If you get to use all it's facilities will there be anybody around to impress !!!!


----------



## 88781 (May 9, 2005)

:lol: That's a good point Ian, however if you can afford the £1 million price tag for a 4 berth, I'm sure Messrs, Blair/Bush would be inviting themselves around for a cuppa!


----------



## Motorhomersimpson (May 9, 2005)

> bsb2000 Posted: Wed Apr 13, 2005 7:51 pm Post subject:
> 
> --------------------------------------------------------------------------------
> 
> ...


Also if you have have a warranty claim after such an attack, who'll be around for you to claim against. :lol:

MHS...Rob


----------



## Anonymous (Nov 10, 2000)

8O It would be an awful shame if you had parked it at Ground Zero 8O


----------



## 89074 (May 13, 2005)

does anyone else find the fact that there is a market for this type of thing kind of sad


----------



## Drummer (May 9, 2005)

As Mr. Mcenroe once said " YOU CANNOT BE SERIOUS!"
You know, people starving, tsunarmis, global warming & he's got all this dosh to waste! :roll:


----------



## 88741 (May 9, 2005)

tweenievan said:


> does anyone else find the fact that there is a market for this type of thing kind of sad


Yes me, sad, mad and very scary


----------



## Arizona (May 9, 2005)

Ya mean it can't fly. What a waste of money!! 

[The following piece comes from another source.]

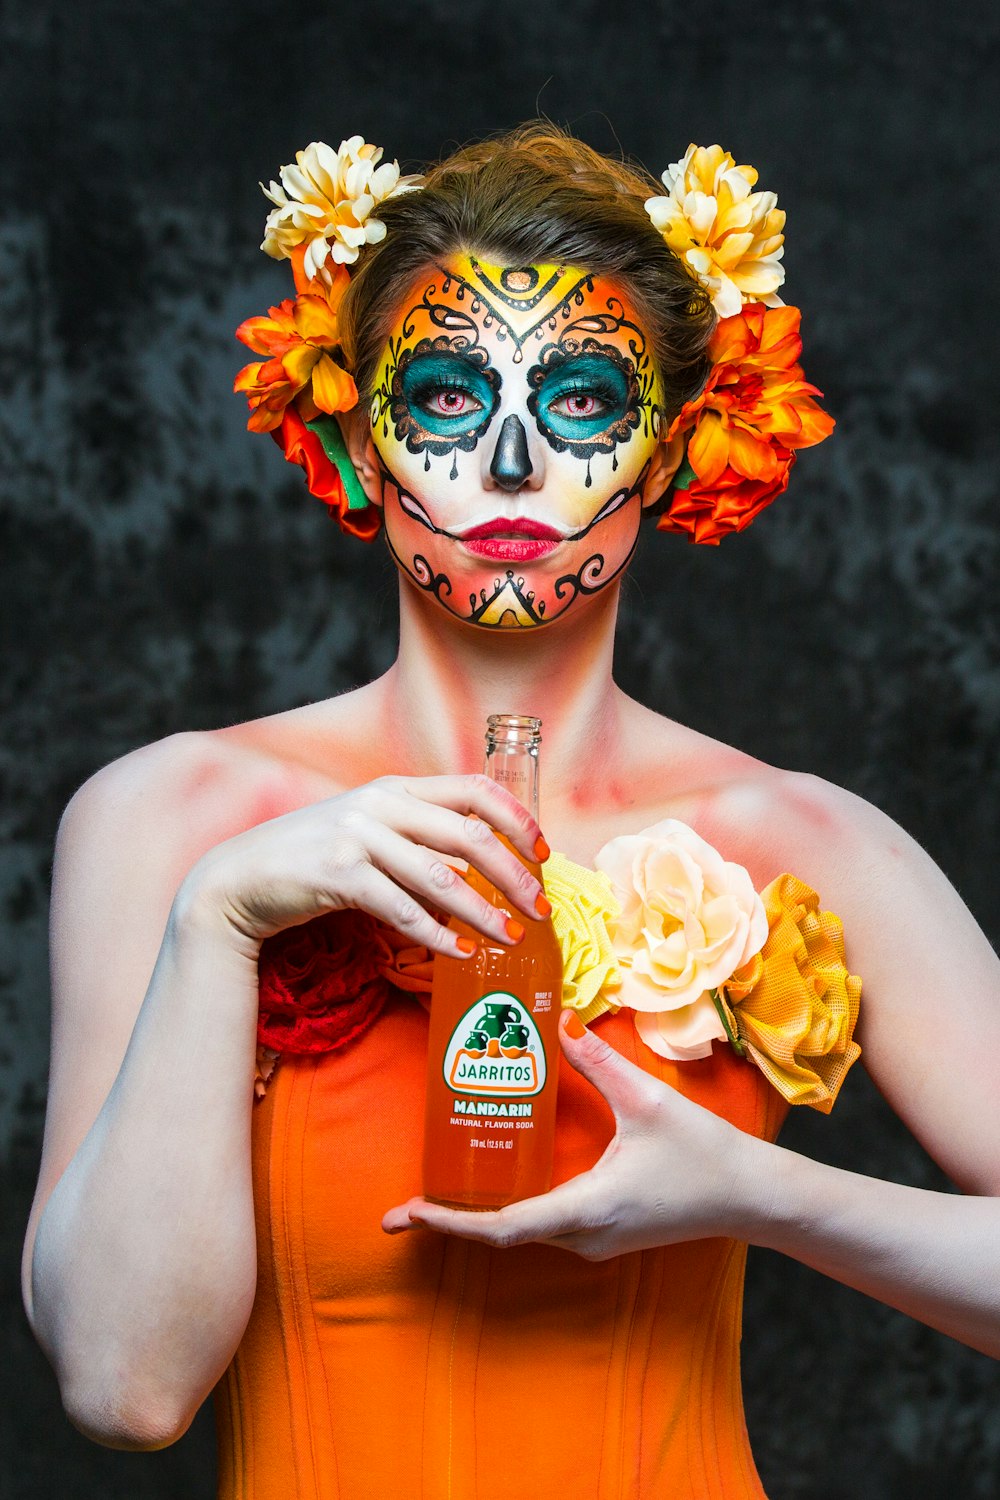 woman holding orange labeled bottle
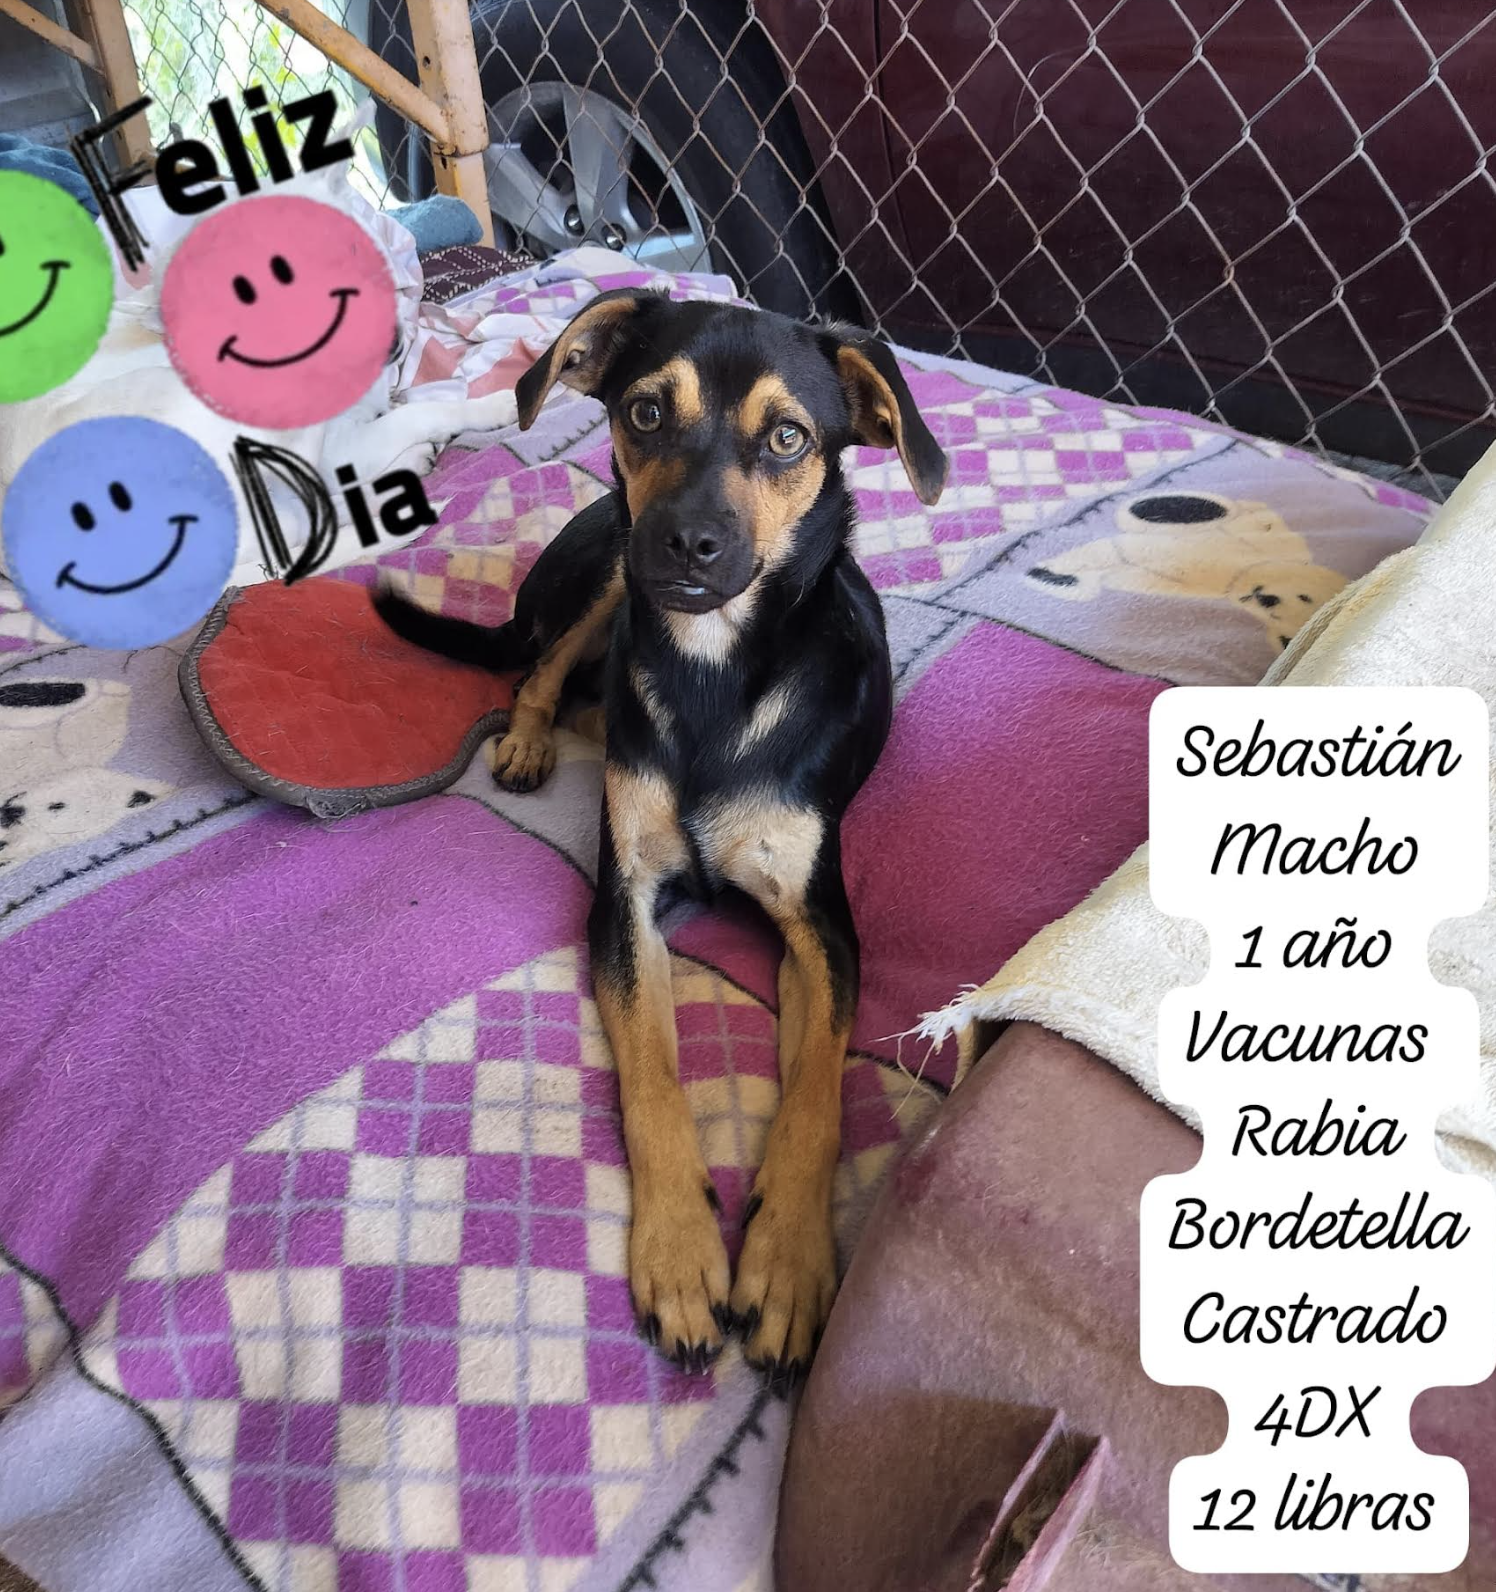 adoptable Dog in Rincon, PR named Sebas

There's obviously a lot of people over there that just don't know what to spend their money on. It's a real case of "mine has got to be better than yours" 

Seriously Sad

regards

Arizona


----------



## Motorhomersimpson (May 9, 2005)

I have to wonder, how would they test this vehicle to make sure it all works :lol: , bit late finding out if it was to be used in anger, so to speak. :wink: 

Dave and Mandy, just noticed that you have passed the 1,000 post mark, well done, always posts of interest and information, not forgetting humour of course.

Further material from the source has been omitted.